Wafting out of America and spreading all over worldwide social media in recent weeks is a curious word, civility—used and abused in an enraged battle between the responsibility of university professors to be circumspect about voicing their political opinions on the one hand, and their ‘academic freedom' on the other. What has emerged from the ongoing debates is not merely instructive about American governmental paranoia about Israel-Palestine politics, neoliberalism, the corporate university and much relevant else, but the uncanny conviction that university spaces all over the world are now afflicted by this malaise of propriety, a belief in a non-partisan, non-political, safe environment that will eschew the possibility of dangerous opinions de-stabilizing young impressionable minds. But is not ‘civility’ civil-speak for censorship? Is the rampant officious silencing of opinions and ideas that critique or interrogate dominant thought and function not the very opposite of what universities are meant to do, which is to encourage free thinking and speech and show students how best to articulate their own understanding, analyses and ideologies about the complex, fractious world around them?
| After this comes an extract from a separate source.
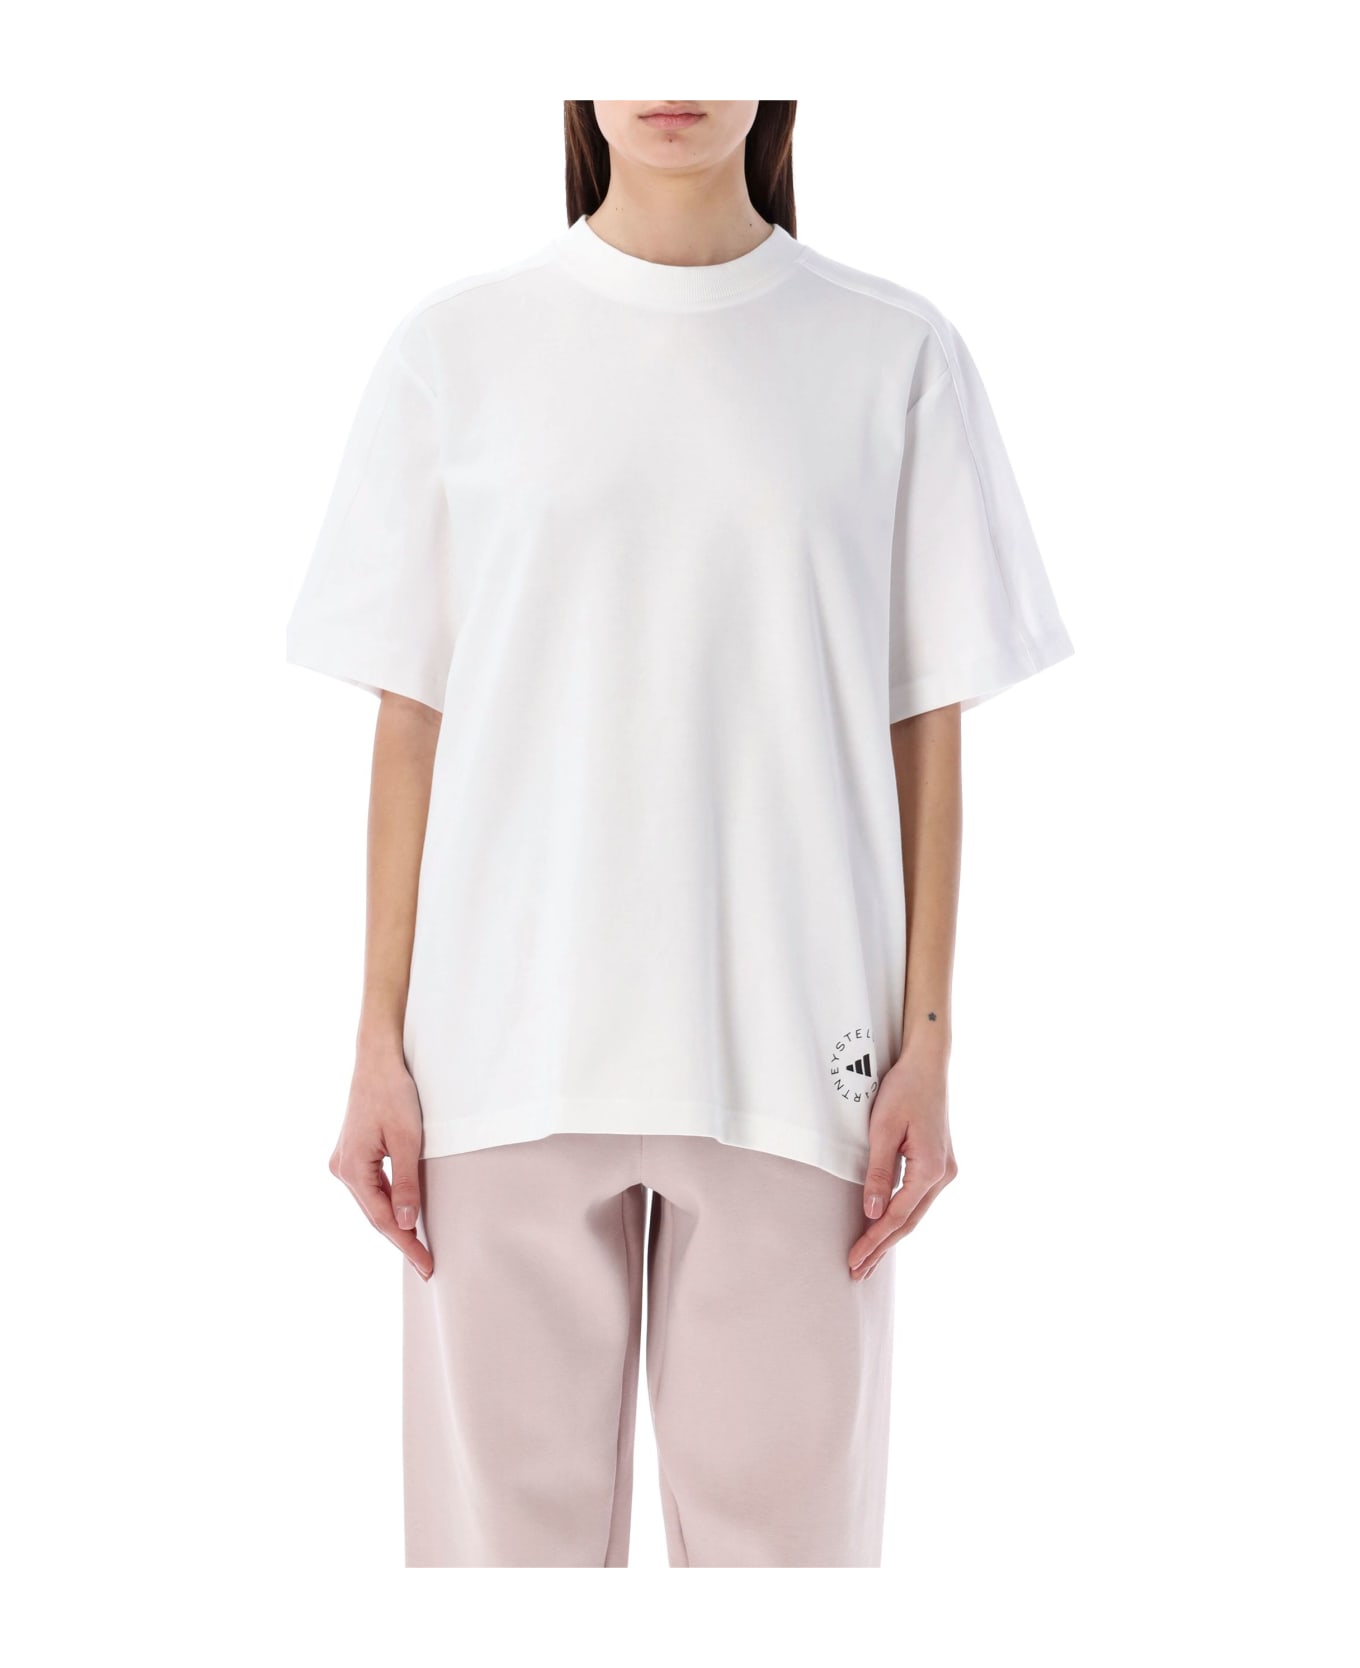 Adidas by Stella McCartney Truecasuals Logo T-shirt - WHITE

The trigger for these renewed ruminations on academia is this: last month, Steven Salaita lost a new job at the University of Illinois at Urbana-Champaign because of his strongly-condemnatory tweets on the Israeli occupation in Palestine; UIUC decided that he had breached the decorum of his position as university professor by violating codes of civility in passionate public political utterances on American foreign policy, and so rescinded the offer in unseemly haste and panic. The Salaita affair boomeranged into a raging internet-world-wide debate on the uses, practices and politics of civility in the university. As intricate arguments on the case indicate, ‘civility’ appears to have increasingly become a tool to “perform communicative violence” and “silence oppositional voices” by “obfuscating real agendas”, as Mohan Datta blogs in culture-centred. “Is ‘incivility’ the new Communism?” asks Hank Reichman in the Academe blog, recalling “the great red scare of the 1940s and 1950s” when ‘Communists’ in American faculties were forced to forfeit academic freedom because they were deemed “subservient” to a foreign ideology.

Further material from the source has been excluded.